Suppose we viewed a national economy as an interconnected and highly complex form of “joint production”, in which the efforts of all parties are instrumental in the creation of the new wealth and prosperity of the economy. And suppose we believe that this system should be organized as a “fair system of cooperation” in which all parties benefit in a fair way. Can the workings of capital markets and financial systems be incorporated into our institutions in ways that would give the working public (the 80%) a fair share of the products of cooperation? Could we imagine a fiscal mechanism that would provide the public with a “fair share” of the U.S. economy as a whole, including the growth of the value of private companies (Caterpillar, General Motors, Krogers, Facebook/Meta, Microsoft, …)?

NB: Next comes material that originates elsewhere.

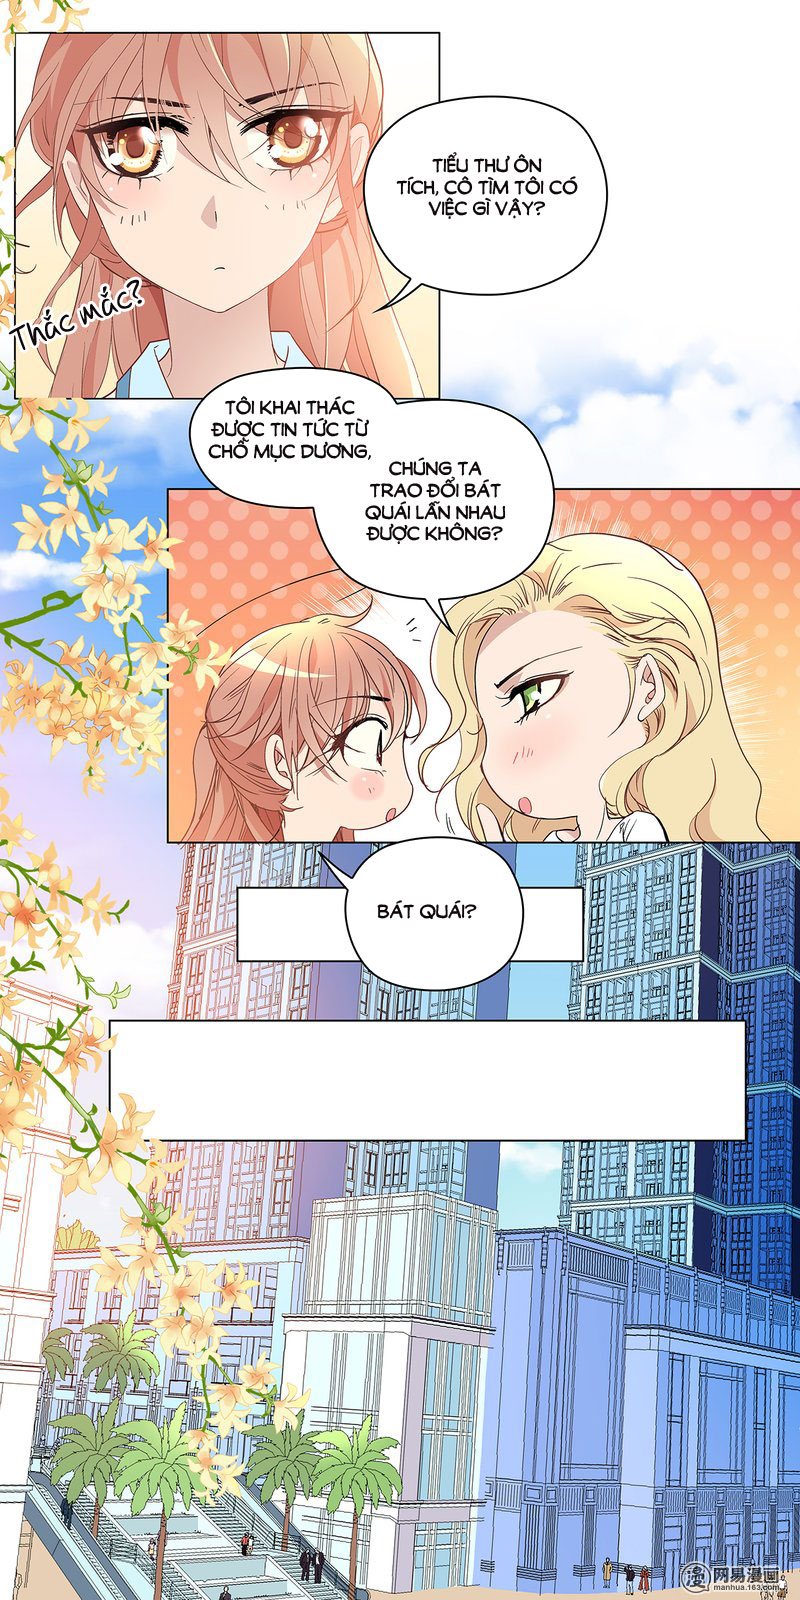 Mai Nữ Đồng Tiểu Nộ Chapter 40 - Truyenmoi.xyz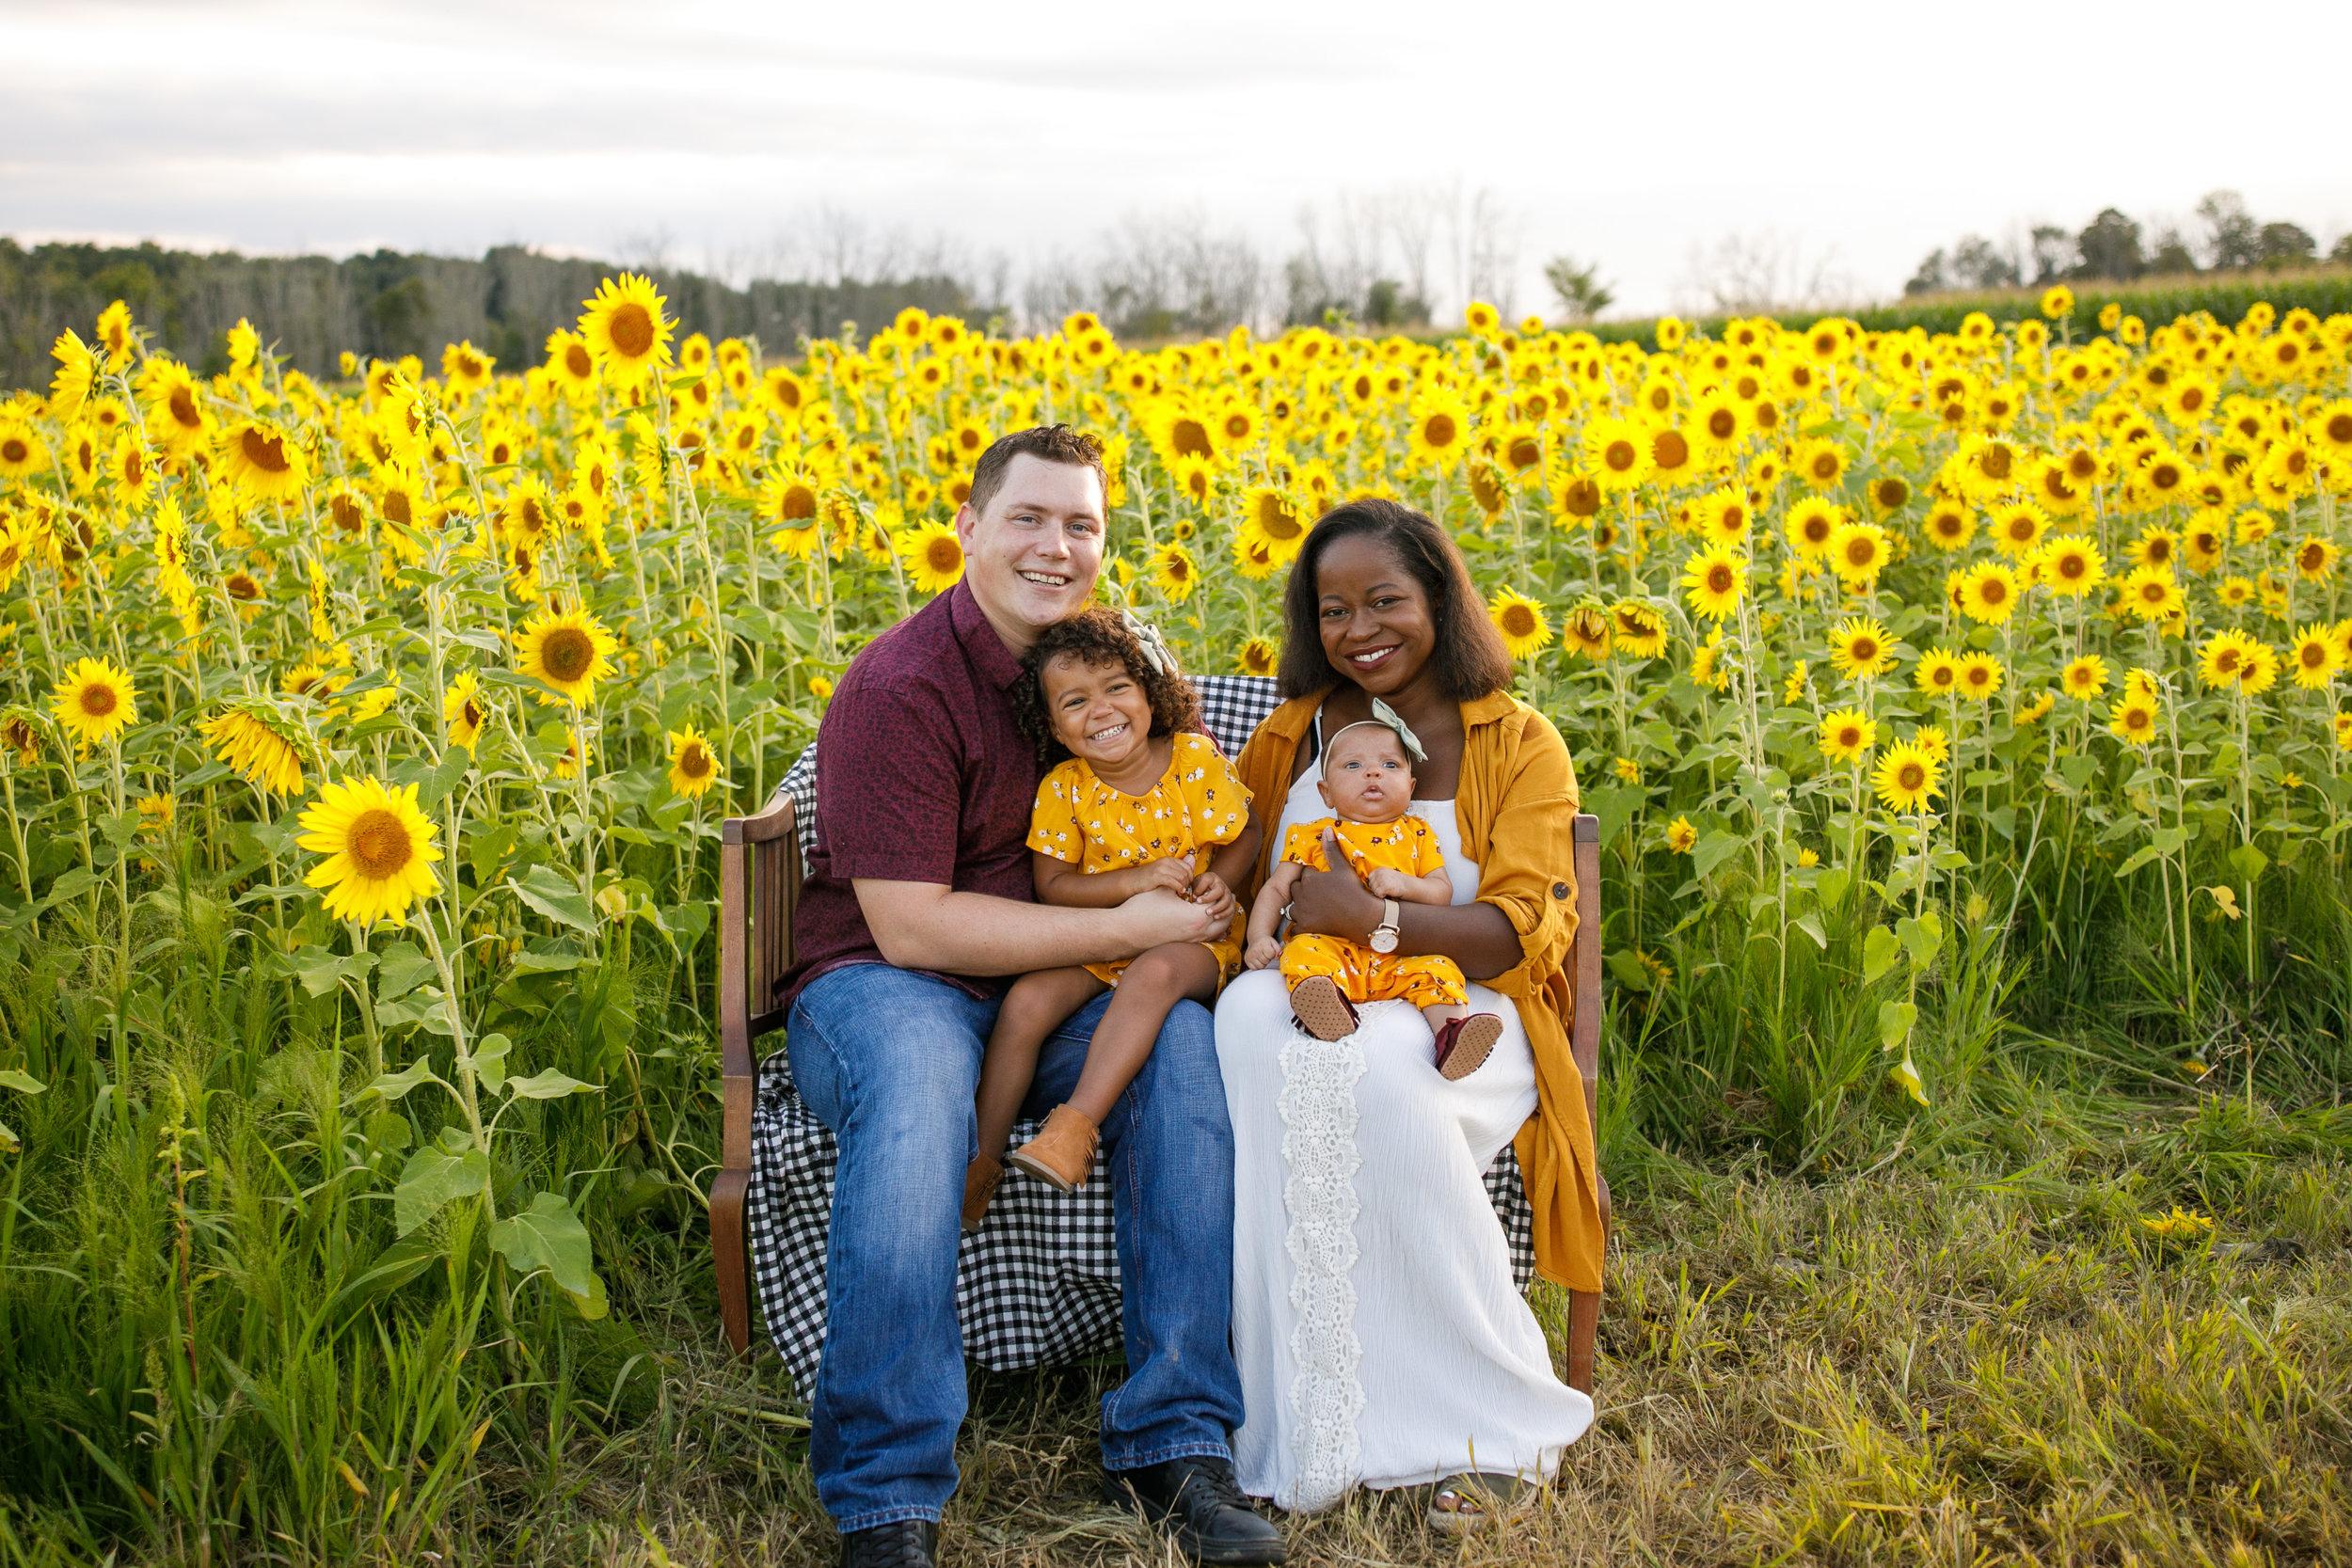 Morris Family Summer 2019 - Grand Rapids Photographer - Grand Rapids Family Photographer - Ed Dunneback and Girls - J Darling Photo 027.jpg

For example, would it be possible to imagine a public investment agency along the lines of CalPERS that would be automatically vested with ownership shares of businesses and corporations as they are created and grow, and that would function as a “wealth reserve” for all citizens? Suppose the hypothetical “public investment corporation” eventually possessed assets worth about 1/3 of the total value of the US stock market. (The value of stocks listed on the New York Stock Exchange is currently $28.3 trillion, so we are imagining a public wealth fund of about $10 trillion.) On this model, private owners and shareholders would own 2/3 of the capitalized economy, and the public would own 1/3. Would such a system be feasible? Could such a system redress the insupportable economic and material inequalities that exist in our country? Could it redress the gross inequalities of influence and power that exist between a tiny class of oligarchs and the vast majority of democratic citizens? Could the shareholder voting rights that correspond to the public shares created in this way serve to alter corporate priorities?

It seems clear that the photo below taken from Donald Trump’s inauguration represents a horrendous flaw in contemporary democracy. The “tech oligarchs” turned out in force for the new administration, and a group of wholly committed political partisans stand behind them to enact policies in the United States that serve their interests. If this is the best that our democracy can currently offer working people, then we need to work much harder at finding political and economic solutions that can elicit broad support from ordinary citizens, workers, farmers, and Uber drivers to push forward a better agenda for democratic equity.